INPUT DATA:
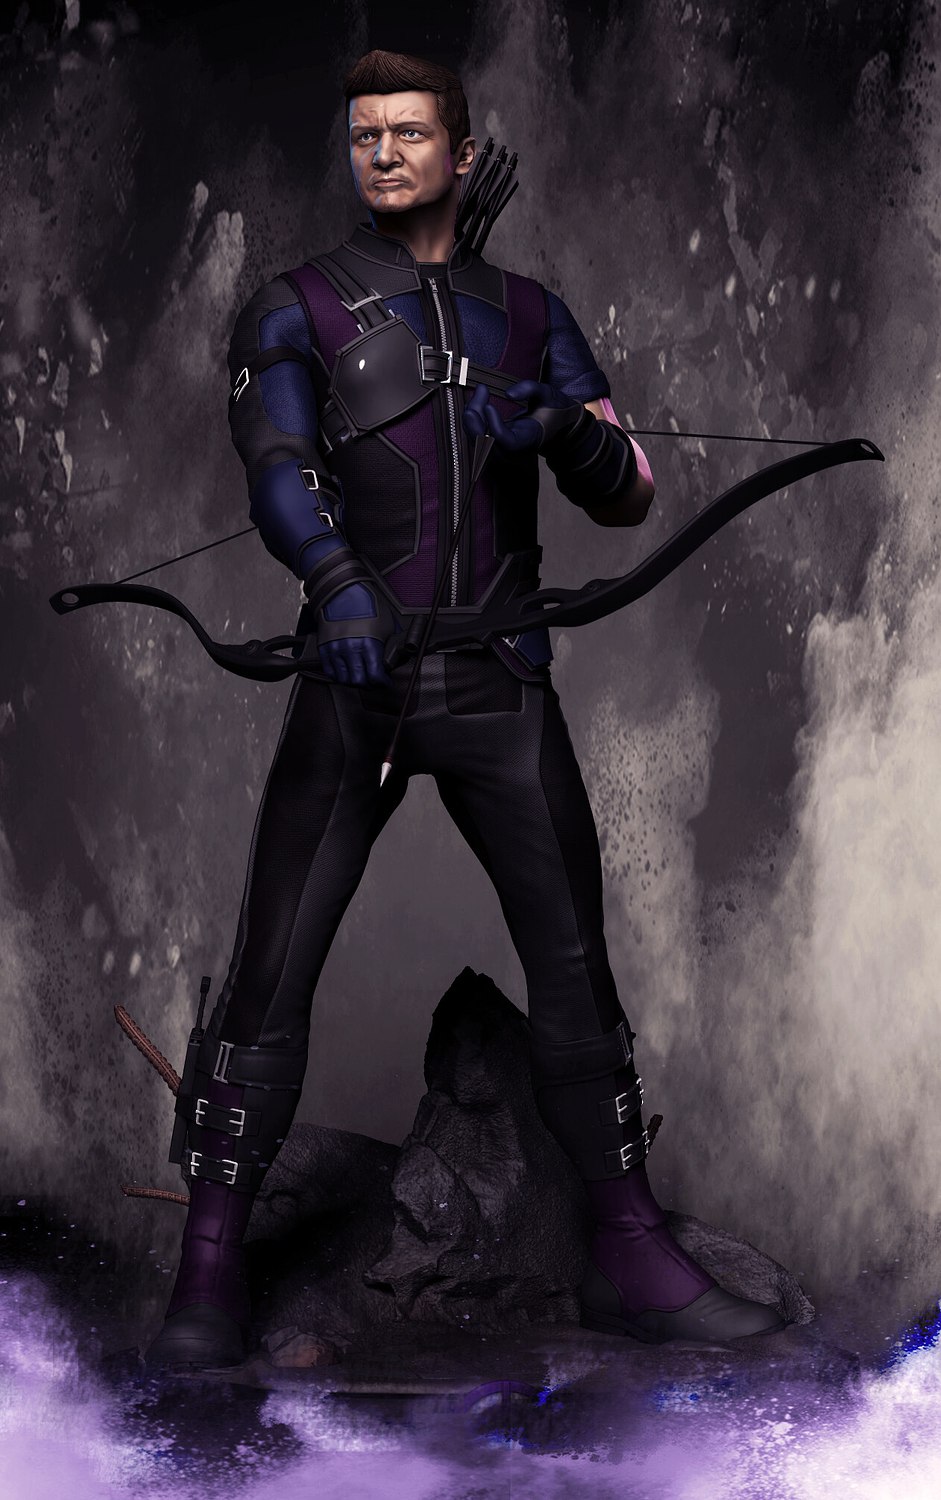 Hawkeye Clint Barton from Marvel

---

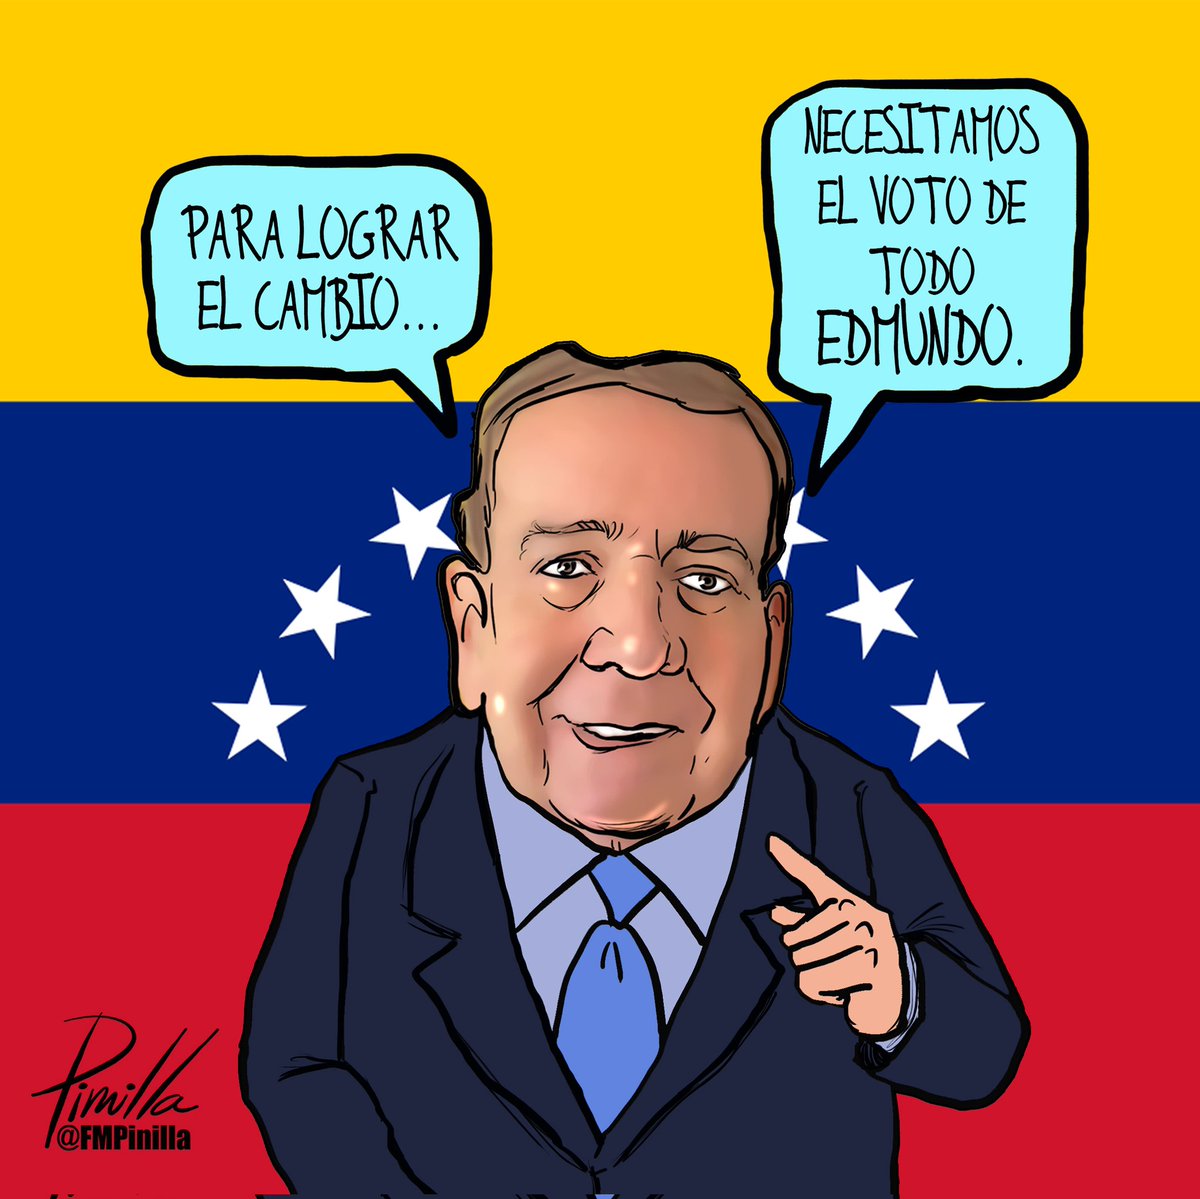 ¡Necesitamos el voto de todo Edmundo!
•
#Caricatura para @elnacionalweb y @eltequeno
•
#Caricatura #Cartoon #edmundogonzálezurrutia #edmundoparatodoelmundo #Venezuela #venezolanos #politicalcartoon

EXERCISE DESCRIPTION: Copy everything above from the line holding "de todo Edmundo!" down to the line holding "#Caricatura #Cartoon #edmundogonzálezurrutia", both ends included, exactly as it stands and without the pictures.

RESPONSE BELOW:
 ¡Necesitamos el voto de todo Edmundo!
•
#Caricatura para @elnacionalweb y @eltequeno
•
#Caricatura #Cartoon #edmundogonzálezurrutia #edmundoparatodoelmundo #Venezuela #venezolanos #politicalcartoon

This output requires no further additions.